Please repeat, exactly as they stand, the line containing "光電お手伝いさん同情Healifty ボディースポンジ 泡立てネット" and the lines after it through the final line of the listing below, minus pictures.

**Data block**
........

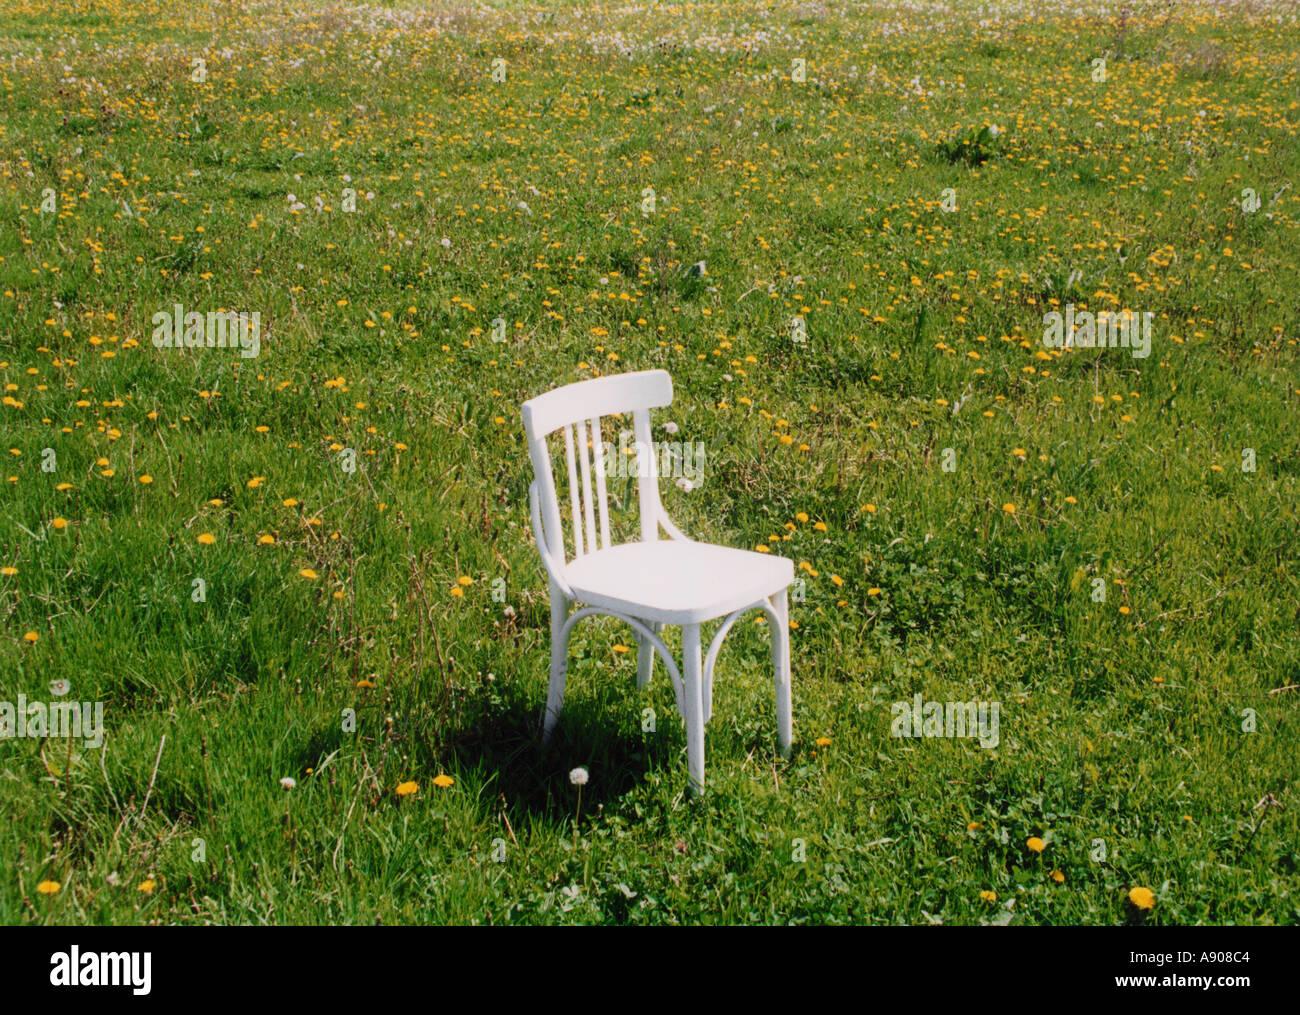 Weißer Stuhl Auf Der Wiese Mit Gelben Blüten Stockfoto Bild 592068
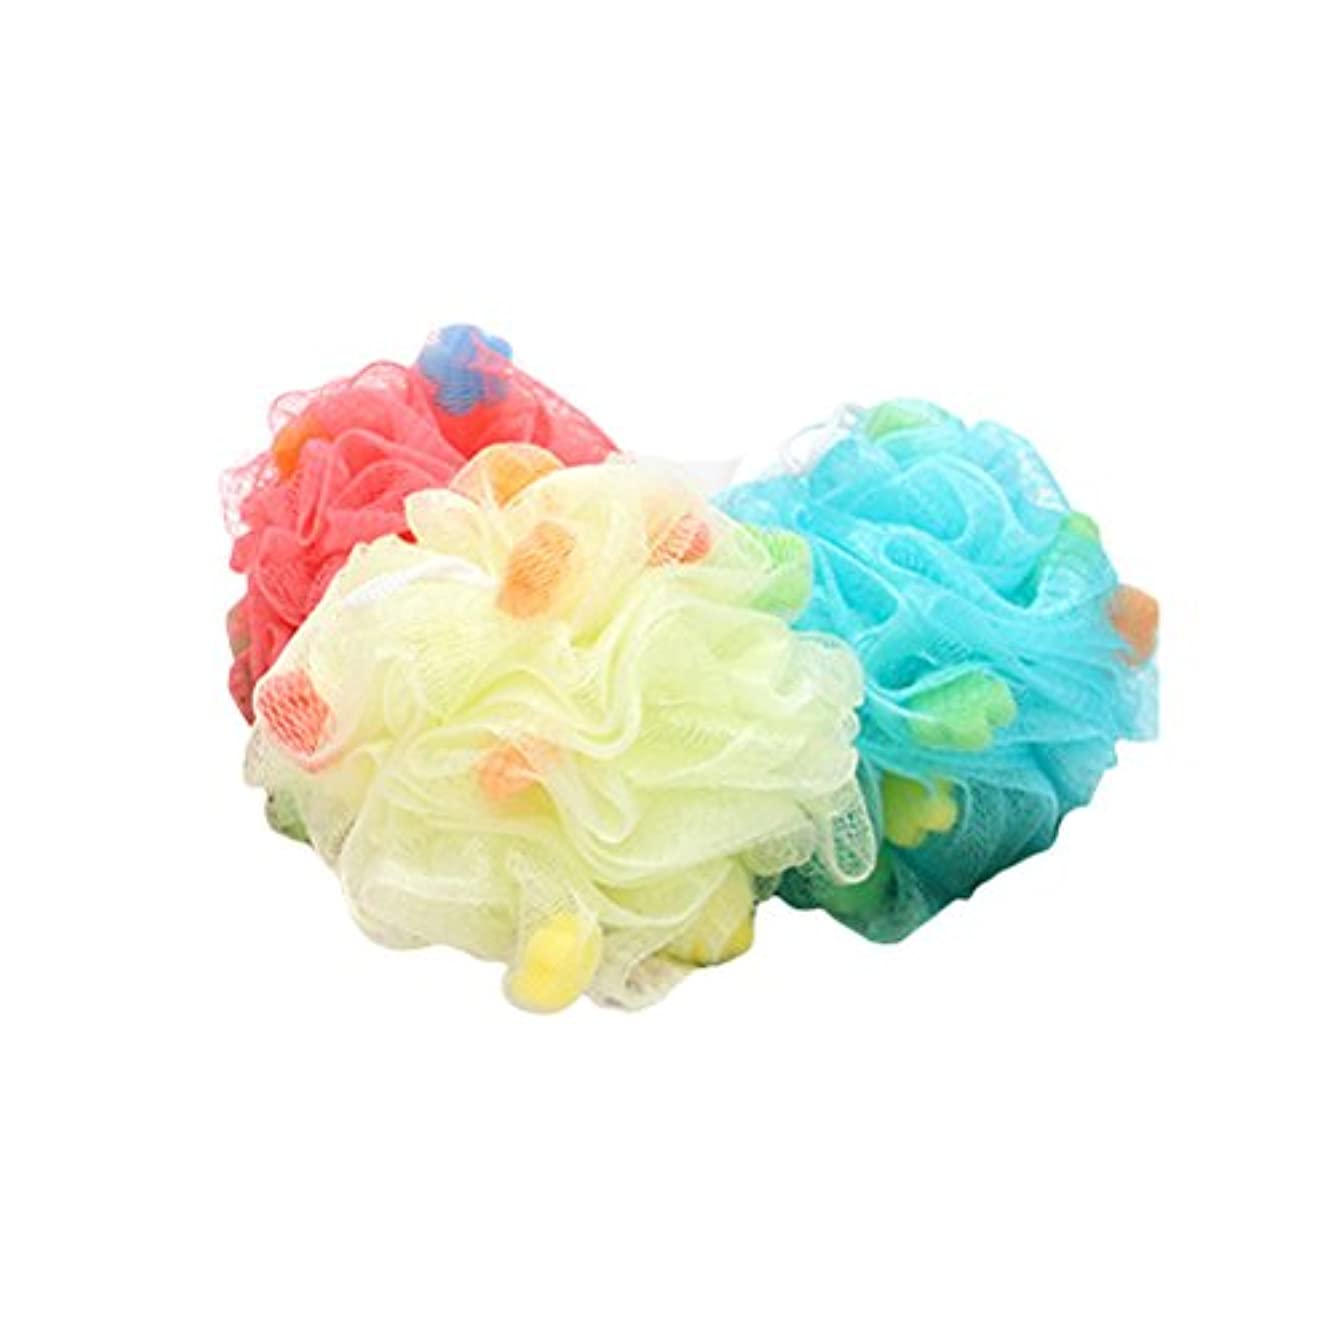 光電お手伝いさん同情Healifty ボディースポンジ 泡立てネット フラワーボール シャワー用 バス用品 背中も洗える メッシュ ボディ洗い 泡肌美人(ランダム色)3個
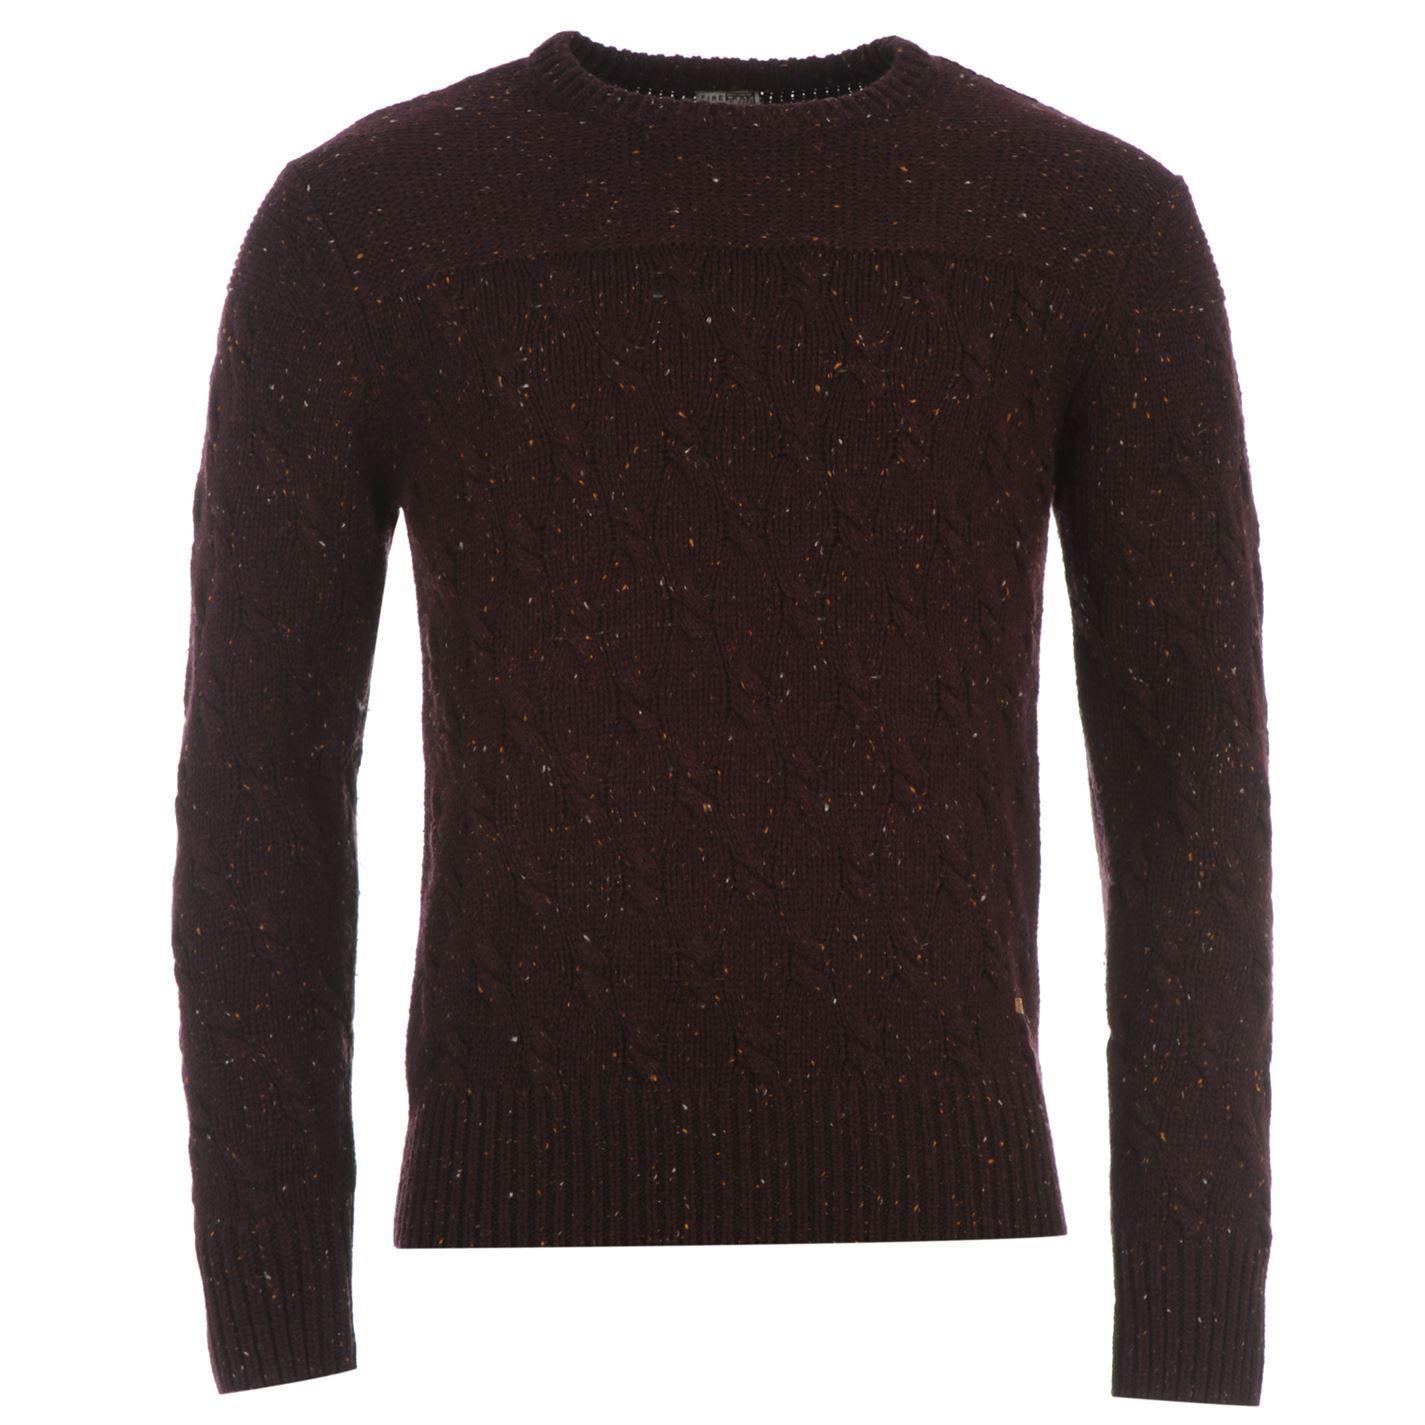 Firetrap | Firetrap Cable Knit Jumper Mens | Mens Sweatshirts

........

**Task output**
 光電お手伝いさん同情Healifty ボディースポンジ 泡立てネット フラワーボール シャワー用 バス用品 背中も洗える メッシュ ボディ洗い 泡肌美人(ランダム色)3個
 Firetrap | Firetrap Cable Knit Jumper Mens | Mens Sweatshirts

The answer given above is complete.